Even in this oasis of nature, the turtles need to crawl through trash to find a place to lay their eggs, and the emerging hatchlings are smaller than the plastic bottles and flip flops. Part of GVI’s work in the area is to reduce this waste; their staff and volunteers do weekly clean-ups in the reserve, which can result in up to a ton of trash collected in a day. They have also set up a recycling center in the nearby town of Punta Allen, located within the refuge.

That evening, back at Nueva Vida, the rangers knocked on our door to let us know that a turtle was nesting right in front of the hotel, one of the few to turn off its lights that face the water during nesting season and remove furniture from the beach at night. Such common-sense measures are a necessity when sharing a beach with sea turtles, but unfortunately, many resorts here do not make the effort.

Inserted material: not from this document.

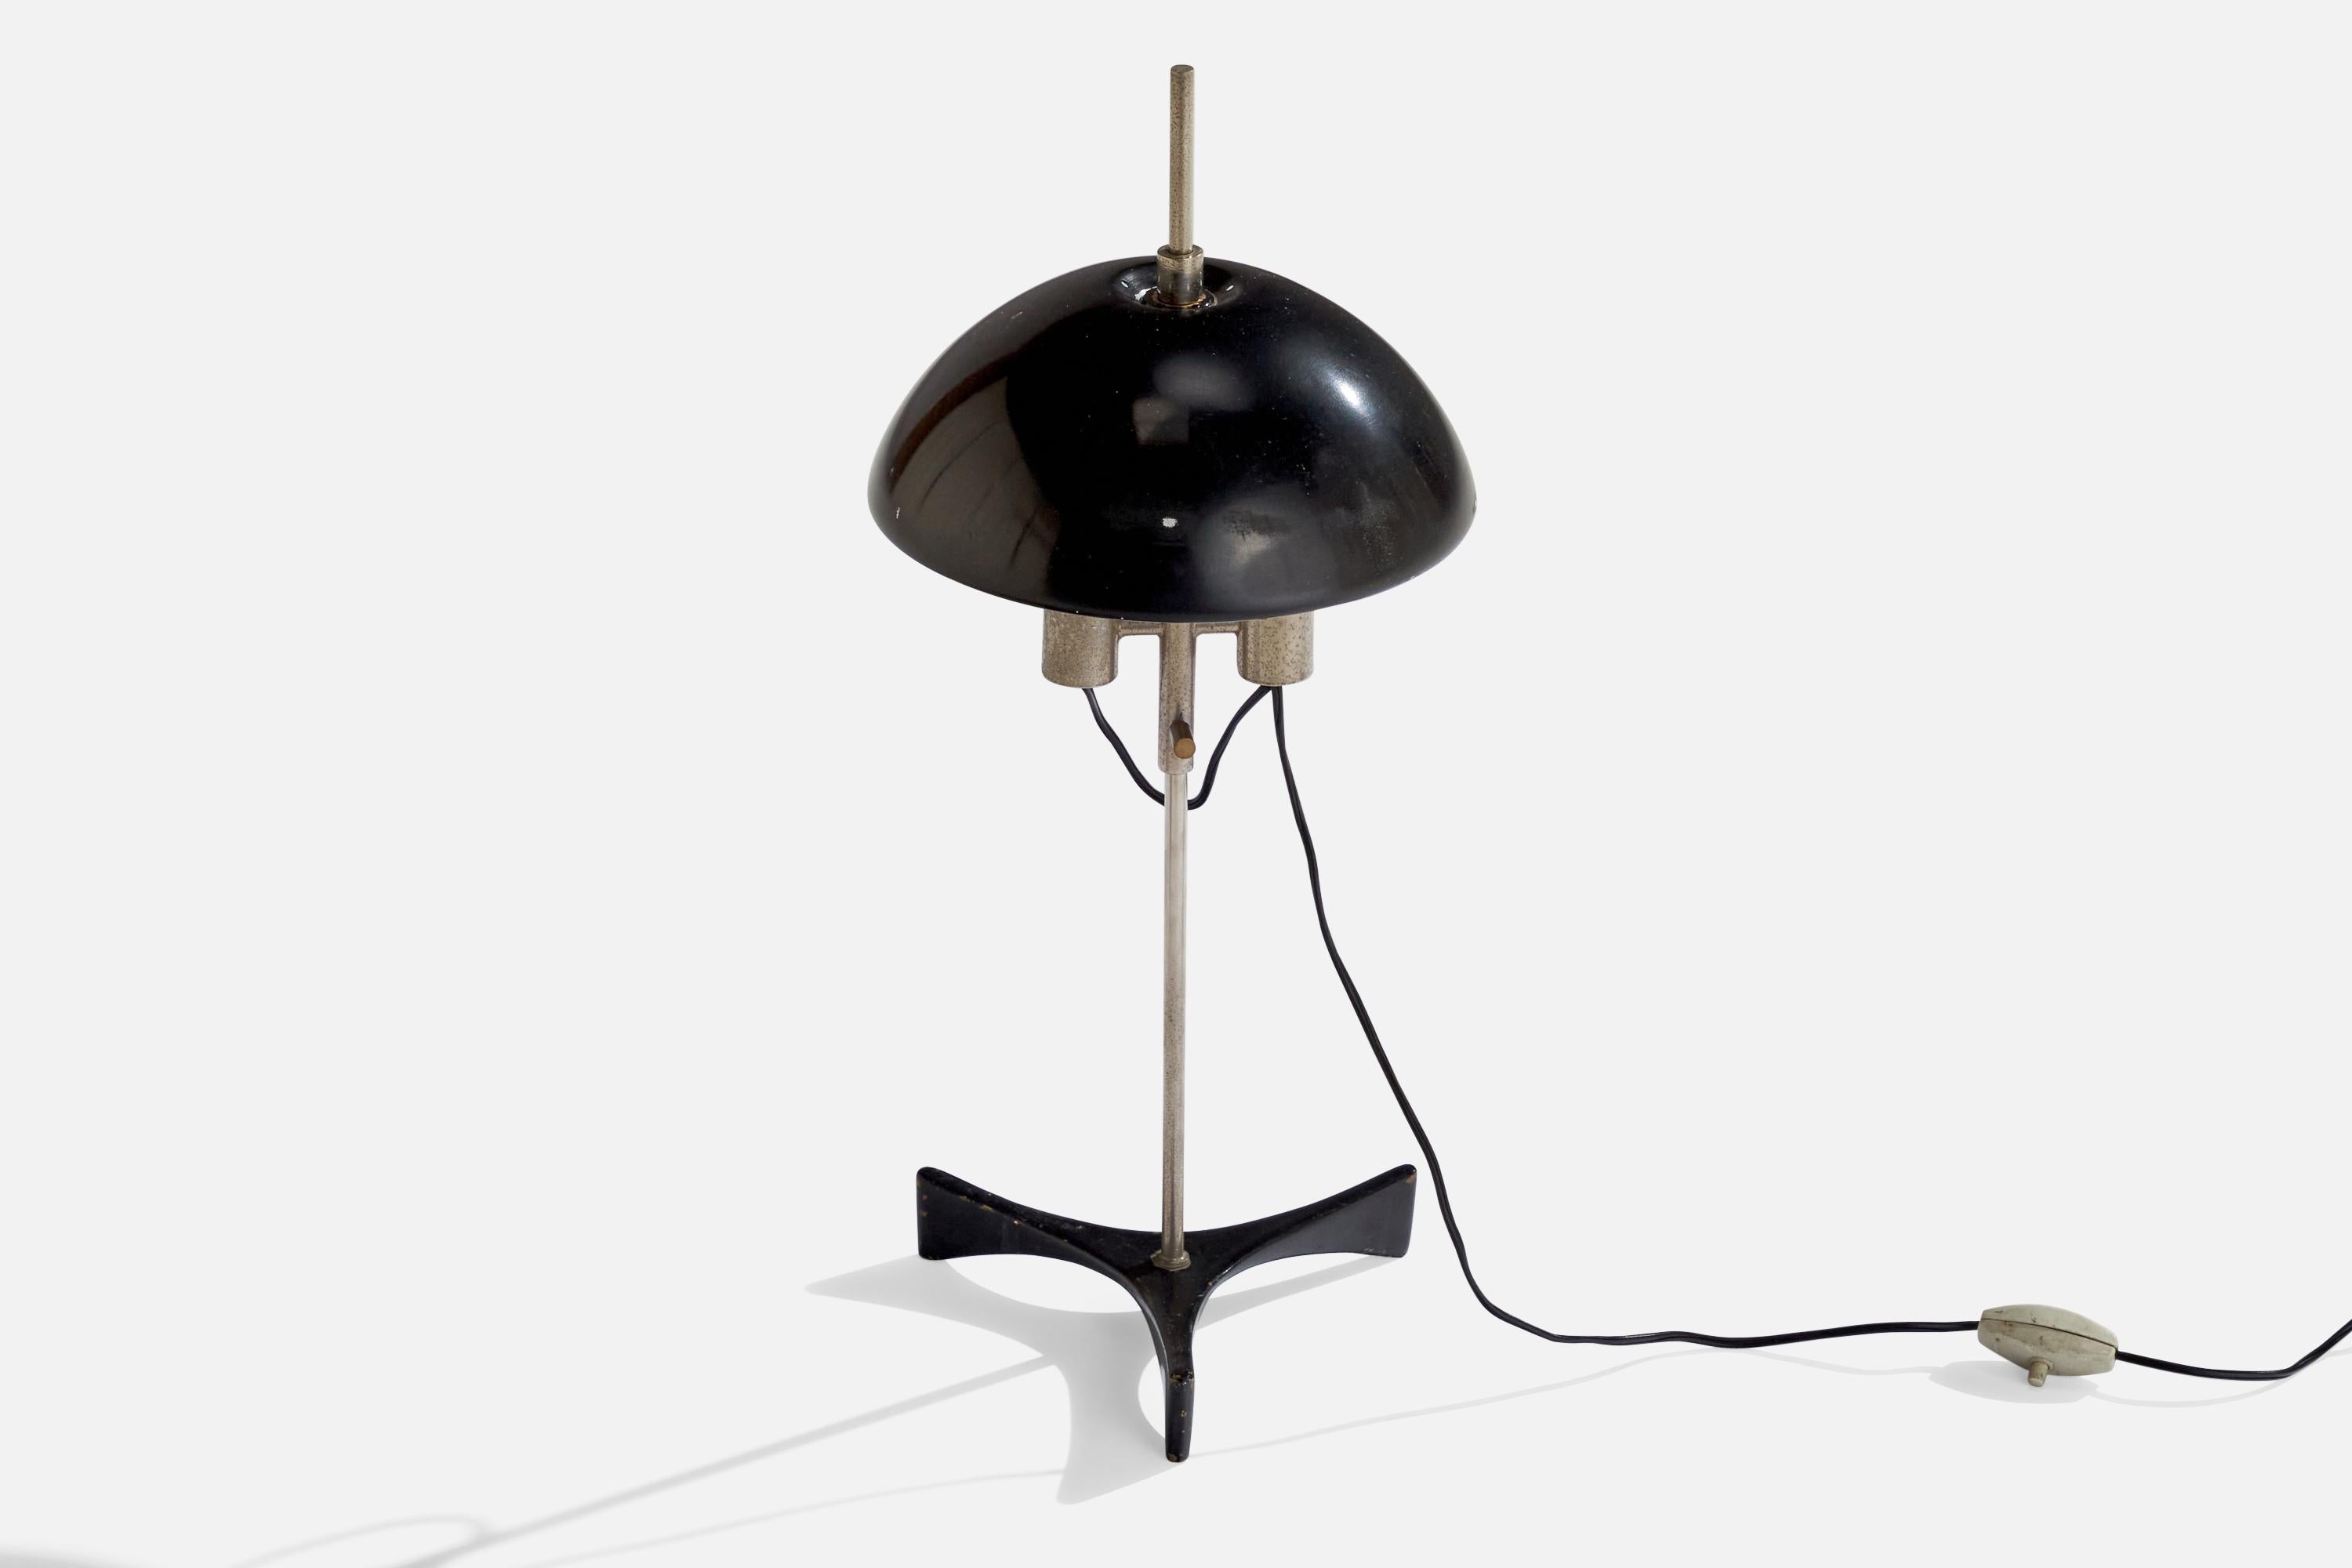 Eine Tischleuchte aus Stahl und schwarz lackiertem Metall, entworfen und hergestellt in Italien, 1950er Jahre.

Gesamtabmessungen (Zoll): 19

This turtle, a green, headed towards the resort’s hatchery but changed its mind and returned to the water without nesting. Fortunately, another green turtle emerged just a short walk down the beach, so we were able to see the whole nesting process, from digging the nest and laying the eggs to camouflaging the nest to hide it from predators. My wife, also a turtle conservationist, helped the ranger collect data on the turtle while I explained the fascinating process to a couple of tourists who happened upon the scene.

On the way back, we saw a fresh set of tracks that led to a lounge chair in front of a brightly lit resort. It was clear from the tracks that the turtle had turned around without nesting once it met the chair– further evidence that resorts like this one have replaced poaching on this beach as the biggest threat. Learn more about how coastal development affects sea turtles.



Our tour of the area’s turtle beaches finished up with a meeting with our friends at Flora, Fauna y Cultura and a group of Mayan youth who patrol a beach in nearby Tulum National Park, near the town’s famous ruins. This beach, with its location near the town, is a hotspot for egg poaching.

Our Billion Baby Turtles program is helping to fund this program, which provides employment for these young men while helping to protect an important nesting beach for green turtles and hawksbills.

During our visit, we walked with the turtle protectors over to the beach. While my daughter buried her feet in the water, the young mean told us about their hard work. Each night, they spend the entire night on the beach, walking up and down the sand in search of emerging turtles. At dawn, they are picked up and return home to rest and recover. It’s this kind of dedication that is needed to keep the turtle returning to these beaches year after year.